A male nurse has been arrested after he was caught committing a sex act on a dead woman, it was revealed today.
Security guards at Sherman Oaks Hospital reportedly caught Alejandro Lazo, 61, committing an act of necrophilia on Sunday and held him until officers arrived.
LAPD Lt Andy Neiman told CBS Los Angeles there was an ‘indication that a deceased patient had somehow been violated by an employee of the hospital’.
We have all been there. Horny and lonely. But let’s be serious…..any person in their right mind doesn’t even want to be in the room with a dead body….let alone inside the dead body. This dude is fucked hard in the head. I need to know how long that Mr. Alejandro Lazo has been working in the hospitals. He is 61 years old. So even if he took a few years off at some point….it is safe to say he has at least 25-30 years on the job. Do you think at 61 years old this was the first time he tried his luck in the meat cooler?? Absolutely not. This dude has been diddling dead bodies for AT LEAST a couple of decades.
I guess if you put aside the level of grossness…..and the illegality…..and moral hang ups……a dead “Jane Doe” body would make the perfect short term girlfriend.

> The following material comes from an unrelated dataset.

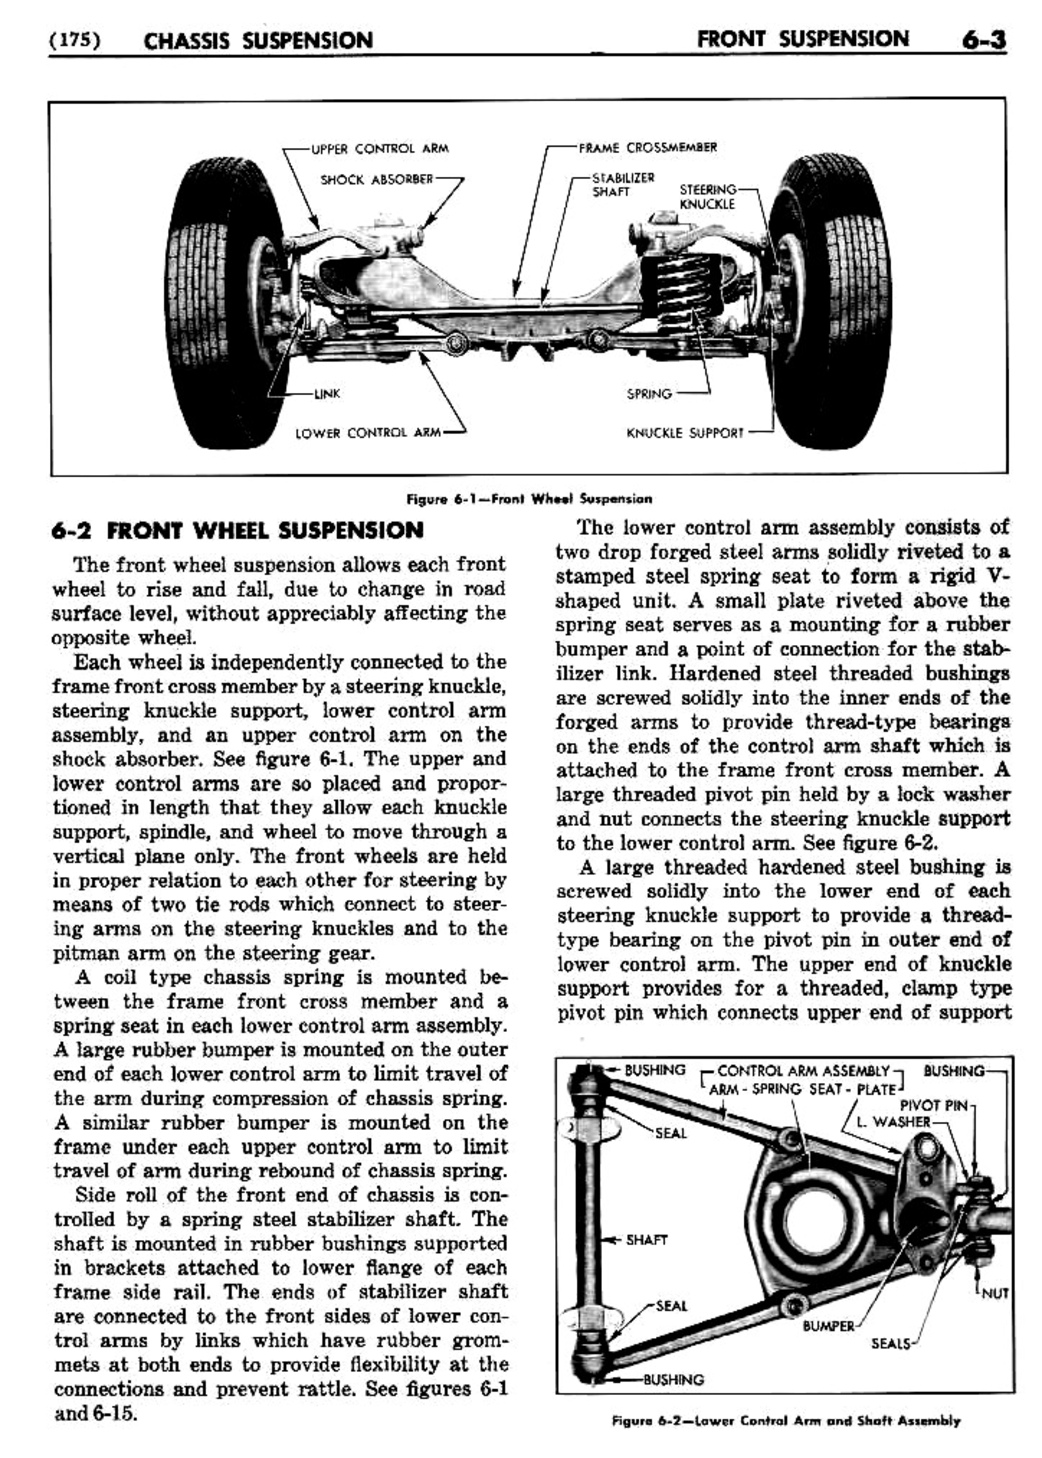 n_07 1950 Buick Shop Manual - Chassis Suspension-003-003.jpg

I say Jane Doe….because you shouldn’t be tagging someone’s dead wife or sister. I am saying if you get a “Law and Order: SVU” level dead hooker in an alley somewhere…..it changes the game. Now hear me out…..you have this dead hooker….that let everyone fuck her anyway…..she is a Jane Doe…..no family or friends……and if you think about it, she has been dead on the inside since she turned her first trick. So right there the moral hang ups are out the window.
Now let’s explore the pros: She can’t complain, she can’t say “no…i have a headache tonight”, you don’t have to go to any of her family gatherings, she can’t cheat on you, she can’t get pregnant, she will always be down for oral and anal, you can be as rough as you want, she will wear any outfit you decide to put her in, she will let you finish on her face/tits, she won’t tell you to clean the house, she won’t bitch about the dishes in the sink, she won’t care if you play video games, you will always get to pick the movie, she won’t constantly tell you she is cold…..she will be…..but she won’t talk about it, she won’t try to pick your friends, she won’t tell you that you have had too much to drink, she won’t point out that you are ALWAYS watching sports, she won’t question your choices in porn, and last but not least….you will always know where to find her.
Now let’s explore the cons: you are gonna need lube…..lots of lube, her hair will start to fall out, her body will start to decompose, her body temperature might take some getting used to, gotta dodge the morgue staff during your “tryst”, can’t go out to dinner, can’t go to the movies (Weekend at Bernie’s?), possible arrest, possible jail time (gonna need more lube)……oh yea…..and she is dead.
Okay….so I guess the whole dead chick thing out weighs any “pro” list I could come up with….but if any woman wants a list of how to be a better girlfriend/wife to their man…..they can refer to the “pro list for necrophilia” right here at BrokenFilter.net. You’re welcome.